Dieses Zitat ist mir letztens mal wieder über den Weg gelaufen:
»Don’t Mistake Lack of Talent for Genius.«
Manchmal ist da was dran …
egal wie das verschwinden des “räuberrades” zustande kam: es fehlt! es war markant, liebenswürdig und eigensinnig! das neue erscheinungsbild läßt nichts (…) aufscheinen. es ist nicht mal eine hommage an das ddr-design. was es gottlob so eindimensional nicht gab…
Aber ist nicht DAS auch eine Aussage: “Das neue Erscheinungsbild läßt nichts aufscheinen.”
Ich finde das neue “Nicht-Erscheinungsbild” ein krasses Statement.
ja @ ernst-martin, das neue erscheinungsbild wird ob seiner kargheit von sich reden machen – macht es ja hier auf dt bereits! die abwesenheit des räuberrades wird verm. immer präsent sein: “ach, weißt du noch…”
@Gion: am fehlenden Räuberrad sind aber nicht die Gestalter schuld, das kann man denen nicht ankreiden ;)
Was soll man sagen.
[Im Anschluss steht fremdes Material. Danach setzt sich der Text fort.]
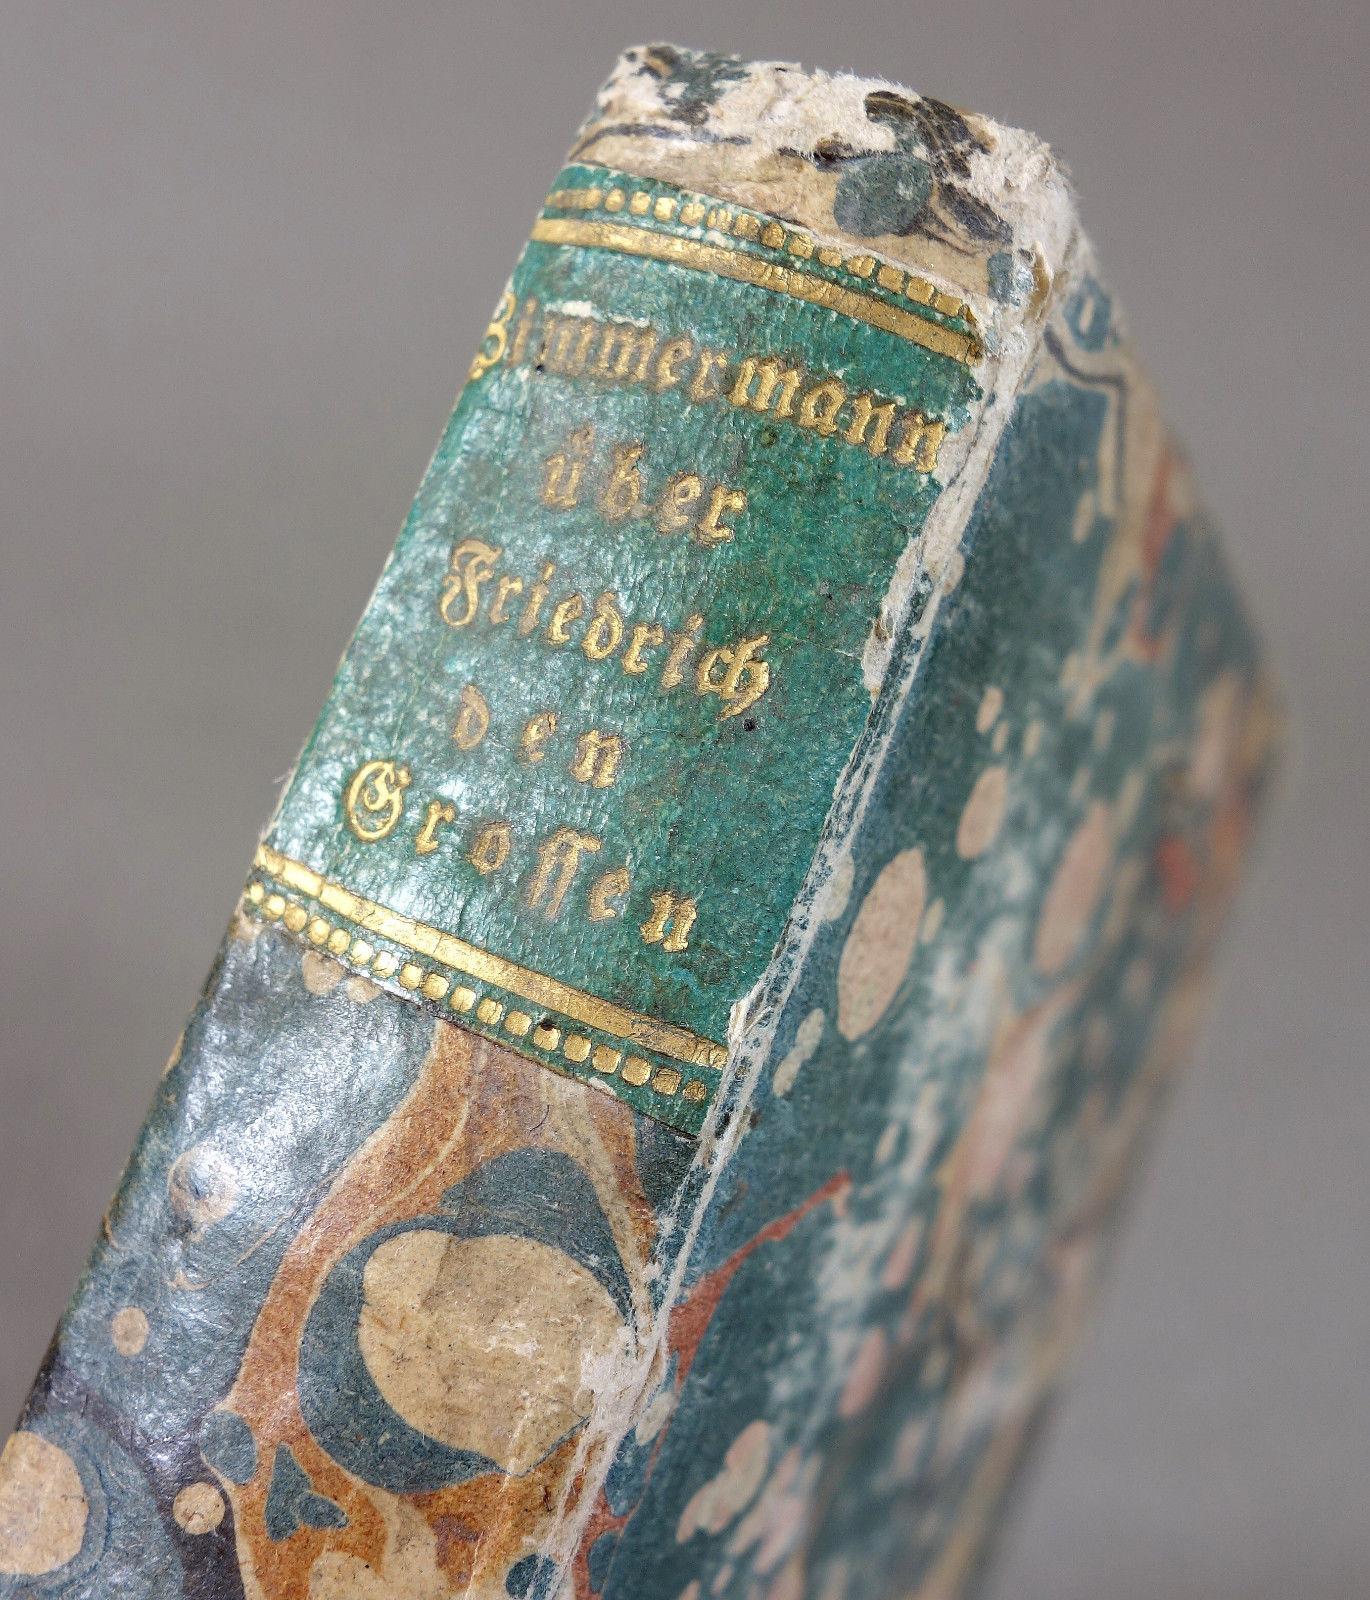 1788 - PREUSSEN - Friedrich der Große - LEIBARZT Potsdam Adel Medizin - SELTEN
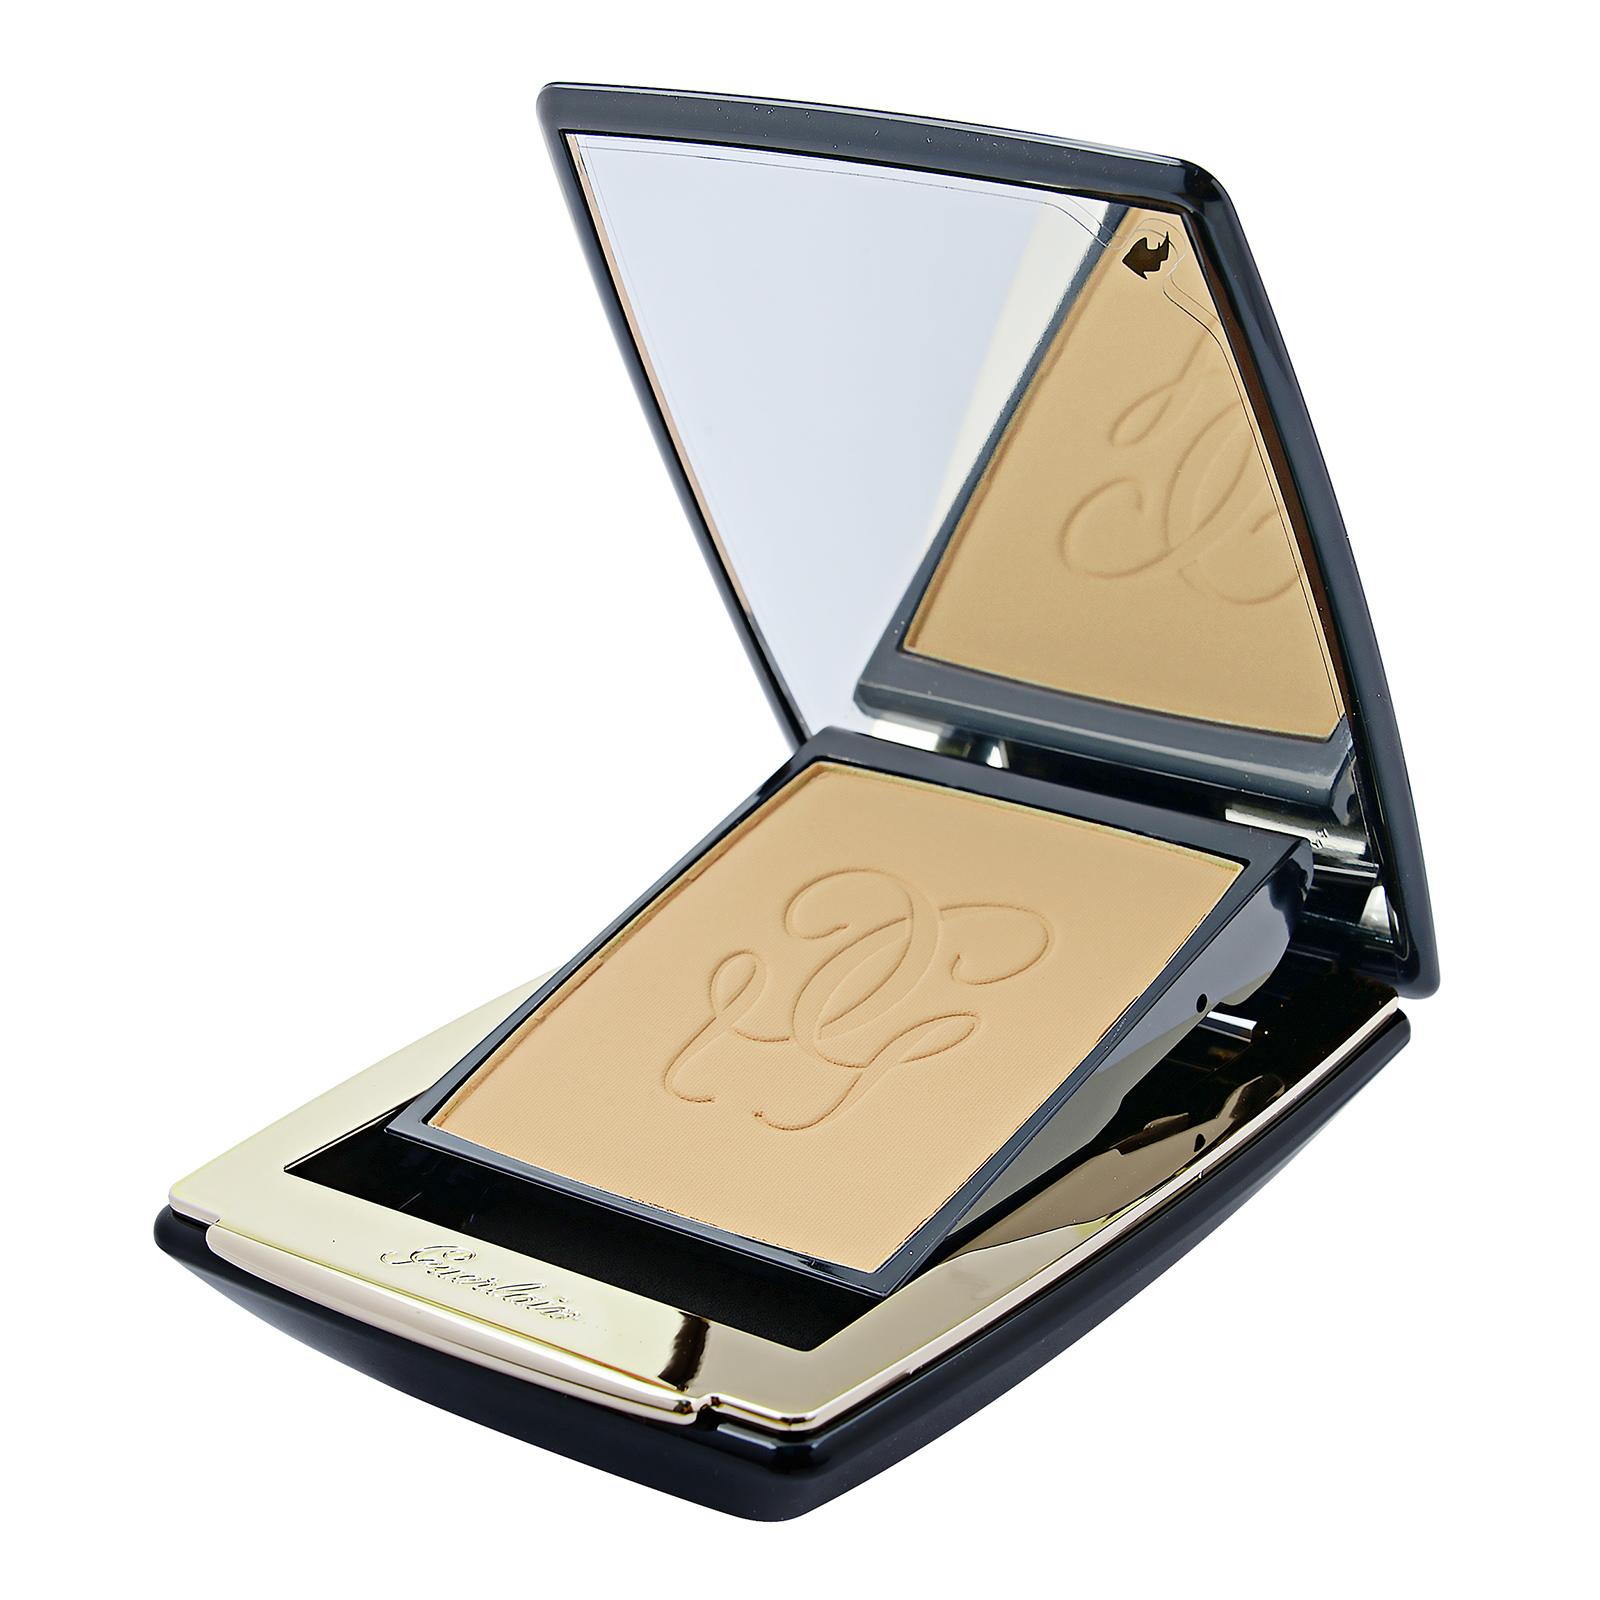 Guerlain Parure Gold Rejuvenating Gold Radiance Powder Foundation 12 Light Rosy, 0.35oz, 10g

Biete ich sowas im 2.Semester einer Uni an, würde man sagen, ganz nett, aber ist das schon alles? Da geht sicher noch mehr. Das ist ein Schauspielhaus, Theater. Komme ich nun aber als gestandener Designer mit mehrjähriger Berufserfahrung damit um die Ecke, ist es auf einmal super geil. Total gut durchdacht, hergeleitet, tec. kotz, würg…
Sorry, aber 1. ist es nicht neu und hip mal wieder was nur mit Arial zu machen. 2. Ist es ein Schauspielhaus, Theater. Da wäre sicher mehr gegangen. 3. sind wir hier in D wirklich so langweilig was neues eigenständiges Design betrifft?
Und man darf nicht vergessen. Das hat sicher keine 17,90€ gekostet.
Eine Schande für jeden Grafiker oder jeden, der sich so nennt. Prinzipien und Vorüberlegungen mal dahingestellt, aber sowas könnte jeder Grundschüler nach 5 Minuten erstellen. Ich denke, es gibt immer noch einen Unterschied zwischen “reduziert” und “billig”.
Sorry, aber absolut schrecklich. Einfach schrecklich.
Jeglicher Identität beraubt, altbacken, einfallslos und langweilig.
Der harte Kontrast von sattem Schwarz zu leuchtendem rot sieht ungewollt aus, Schriftarten im Lauftext viel zu groß.
Egal wie man es rechtfertigen will, sorry, aber das sieht eher nach der Arbeit eines Auszubildenden im ersten Lehrjahr, der vorher noch rein gar nichts mit Design am Hut hatte aus.
Absolut grauenhaft.
Um nochmal hierauf zurückzukommen:
Das schlimmste an der ganzen Sache ist die Website. Da fehlen mir die Worte. Das sieht aus, als hätte das jemand erstellt, der das erste mal im Web ist und sich gerade 10 Minuten mit einem Homepagebaukasten beschäftigt hat. Schrecklich.